I was so caught up in the whole thing, worrying myself into a coma, that I could have completely missed what was going on the very next day at the Youngs’ place.
‘Adderley’ was about six k’s from us. The Youngs had three kids: the twins, Shannon and Sam, and their younger brother Alastair, who was ten. All the kids were funny, which in itself was funny, because Mr and Mrs Young had as much sense of humour as a John Deere four wheel drive tractor. They seemed constantly baffled by their children. Mrs Young’s brother had owned the property next door but he’d been killed in the war, on the first day. The Youngs inherited it but it was taken off them again in the redistribution, so they basically ended up back where they started.
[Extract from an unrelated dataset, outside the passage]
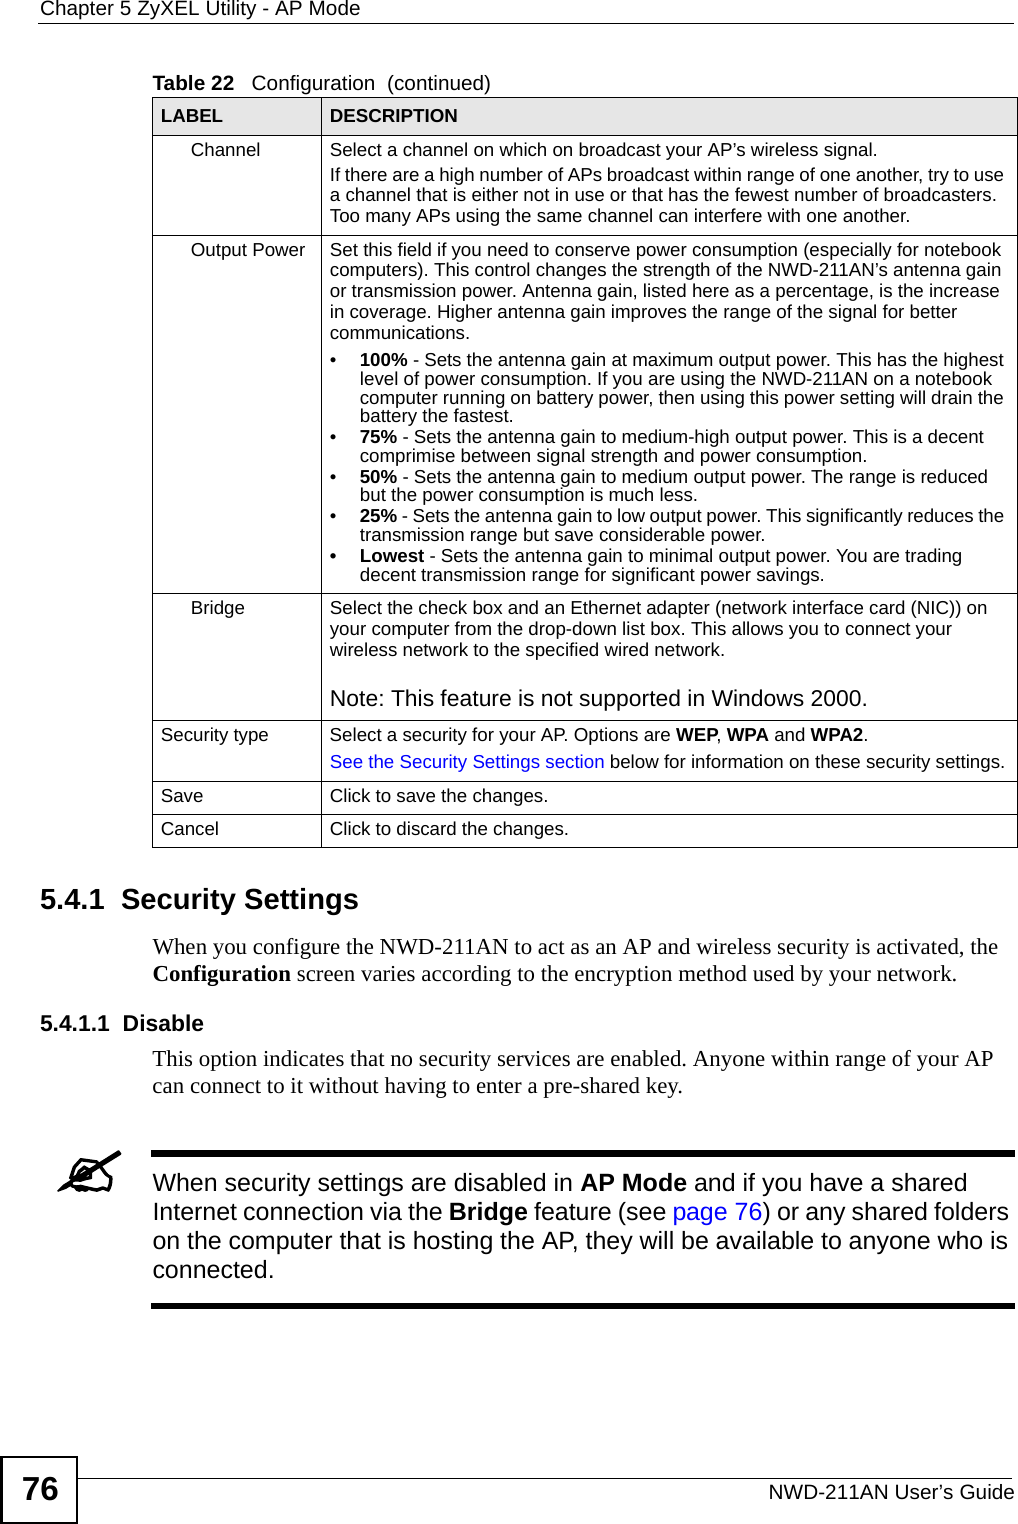 Chapter 5 ZyXEL Utility - AP ModeNWD-211AN User’s Guide765.4.1  Security Settings When you configure the NWD-211AN to act as an AP and wireless security is activated, the Configuration screen varies according to the encryption method used by your network.5.4.1.1  DisableThis option indicates that no security services are enabled. Anyone within range of your AP can connect to it without having to enter a pre-shared key. &quot;When security settings are disabled in AP Mode and if you have a shared Internet connection via the Bridge feature (see page 76) or any shared folders on the computer that is hosting the AP, they will be available to anyone who is connected. Channel Select a channel on which on broadcast your AP’s wireless signal.If there are a high number of APs broadcast within range of one another, try to use a channel that is either not in use or that has the fewest number of broadcasters. Too many APs using the same channel can interfere with one another.Output Power Set this field if you need to conserve power consumption (especially for notebook computers). This control changes the strength of the NWD-211AN’s antenna gain or transmission power. Antenna gain, listed here as a percentage, is the increase in coverage. Higher antenna gain improves the range of the signal for better communications.•100% - Sets the antenna gain at maximum output power. This has the highest level of power consumption. If you are using the NWD-211AN on a notebook computer running on battery power, then using this power setting will drain the battery the fastest.•75% - Sets the antenna gain to medium-high output power. This is a decent comprimise between signal strength and power consumption.•50% - Sets the antenna gain to medium output power. The range is reduced but the power consumption is much less.•25% - Sets the antenna gain to low output power. This significantly reduces the transmission range but save considerable power.• Lowest - Sets the antenna gain to minimal output power. You are trading decent transmission range for significant power savings.Bridge  Select the check box and an Ethernet adapter (network interface card (NIC)) on your computer from the drop-down list box. This allows you to connect your wireless network to the specified wired network.Note: This feature is not supported in Windows 2000.Security type Select a security for your AP. Options are WEP, WPA and WPA2.See the Security Settings section below for information on these security settings.Save Click to save the changes.Cancel Click to discard the changes.Table 22   Configuration  (continued)LABEL DESCRIPTION

‘Adderley’ was a small place but it was on the river, so it had good soil. It was well fenced, with a famous old shearing shed that hadn’t been used for decades, and the biggest machinery shed I’ve ever seen. Mrs Young’s family had owned it since the fifteenth century or something like that.
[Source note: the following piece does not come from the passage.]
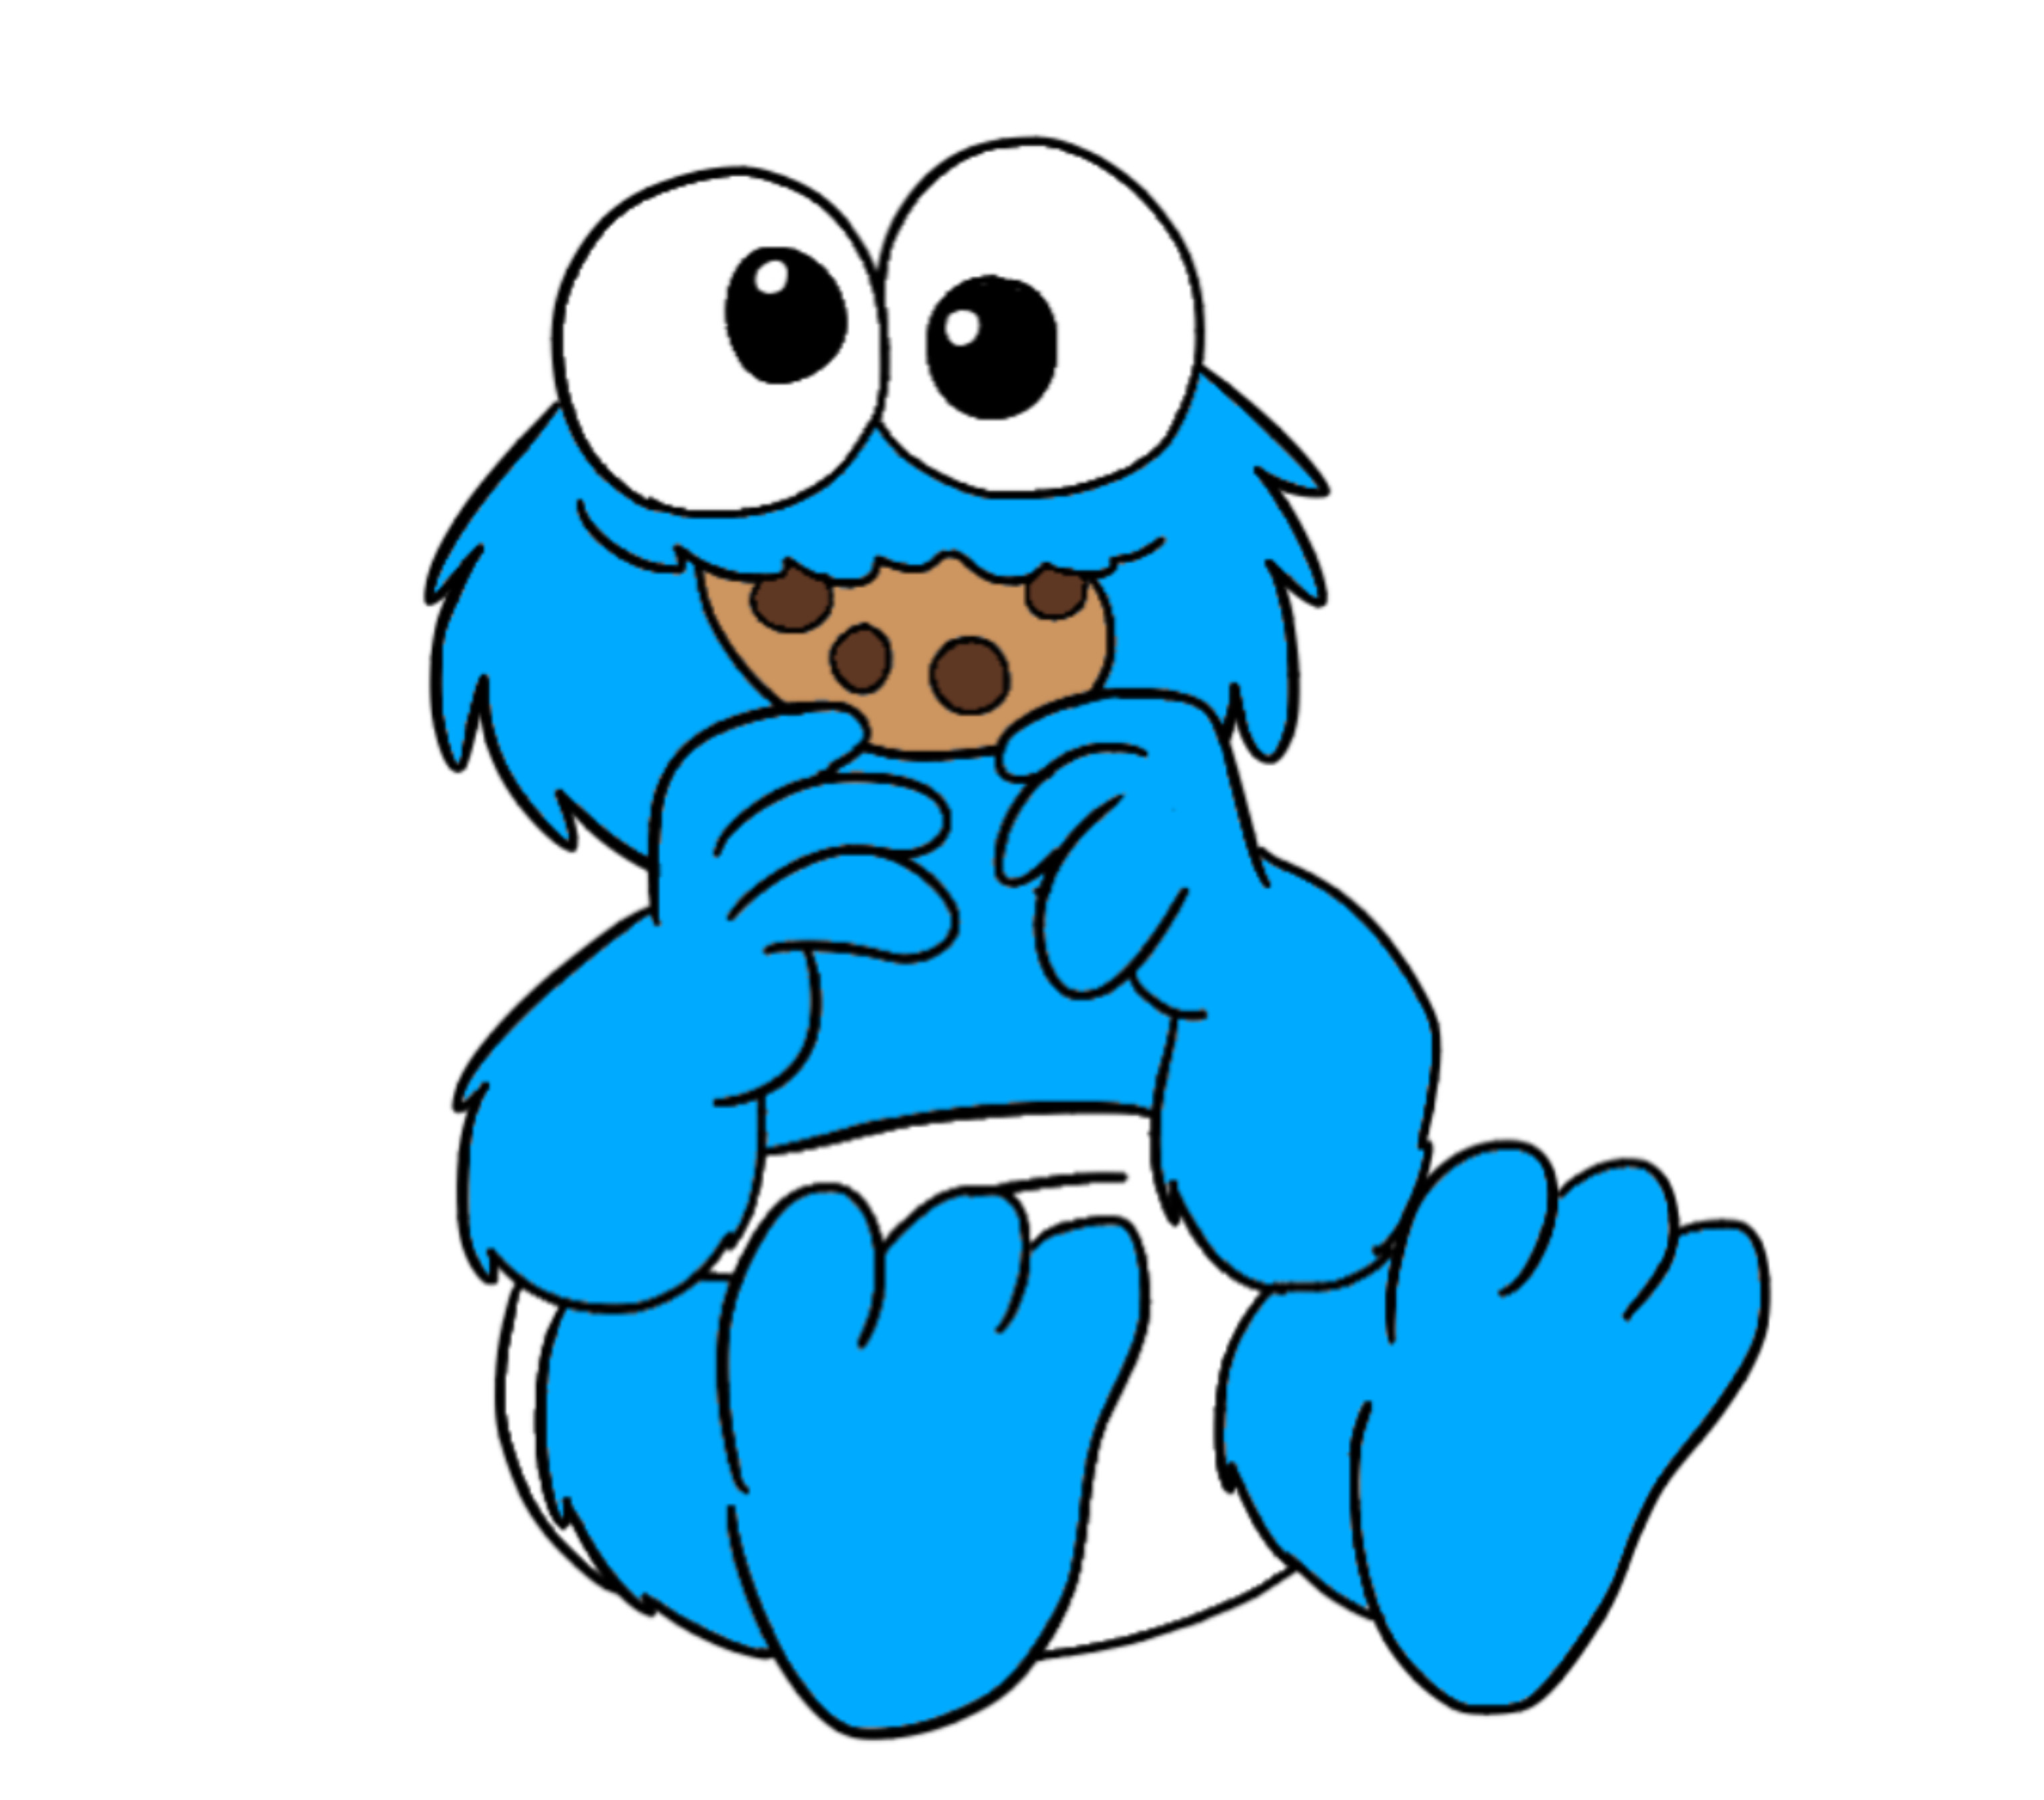 Baby Cookie Monster SVG - Gravectory

You had the feeling that nothing ever changed on ‘Adderley’ which is why, the day after the court case, I should have noticed that something was different. But it took Gavin’s sharp eyes to pick it up. We were both on the school bus, sitting three seats apart. Homer and we were the only kids left on board. The first footy match between Wirrawee and Keating since the war was happening back in town, so a lot of people had stayed on for that. But Homer hated team sports and I had too much stuff to do back home.
I was three-quarters asleep and Homer, behind me, was completely asleep. Suddenly Gavin was standing next to me. He looked puzzled.
‘What’s wrong?’ I asked.
‘The Youngs’ house,’ he said, nodding backwards.
‘What about it?’
‘There’s a light upstairs. It keeps going on and off.’ He demonstrated with his hands.
‘It what?’
‘On and off. All the time.’
‘What do you . . . ? But that’s weird.’
He stood back while I got up and went over to the other side of the bus, but of course the house was already out of sight.
I only had a moment to make a decision. I didn’t have a clue what might be going on. It was probably Alastair, mucking around, but we’d been warned so often to be on guard. There’d been lots of ads saying things like ‘Every bell is an alarm bell.’ ‘Be super alert.’ A light turning on and off was probably nothing. But ignoring it seemed like a bad idea.
I told Gavin to wake Homer, which I knew he’d enjoy, and I ran forward to stop the bus. Barry was driving. He was pretty easygoing and when I told him we wanted to get off he just shrugged and pulled over. I didn’t tell him why, because I was already feeling a bit stupid. I mean, what were we doing? Getting off in the middle of nowhere because the Youngs’ house had a problem with electricity? How were we meant to get home?
Homer was really grumpy, like a bear who’s just come out of hibernation. The bus galumphed away down the road. ‘What’s this all about?’ Homer asked.
‘Gavin said there’s a light upstairs at the Youngs’ place that keeps going on and off.’
‘So what?’ He hesitated, then relented a bit. ‘Oh well, I suppose we’d better check it out, seeing we’re here now.’
‘We’re getting like Nancy Drew or the Hardy Boys or something, solving mysteries.’
‘Well, it does sound a bit odd. The light, I mean.’
We walked quite quickly down the road. As we went Homer pulled out his mobile and dialled a number. To me he muttered, ‘I’m going to tell Liberation what we’re doing. We need to tell someone.’
‘Good idea.’
I couldn’t hear who answered, though I wished I could. Homer did all the talking anyway, then the other person said something, and that was the end of the conversation.
‘You could ring the Youngs,’ I suggested.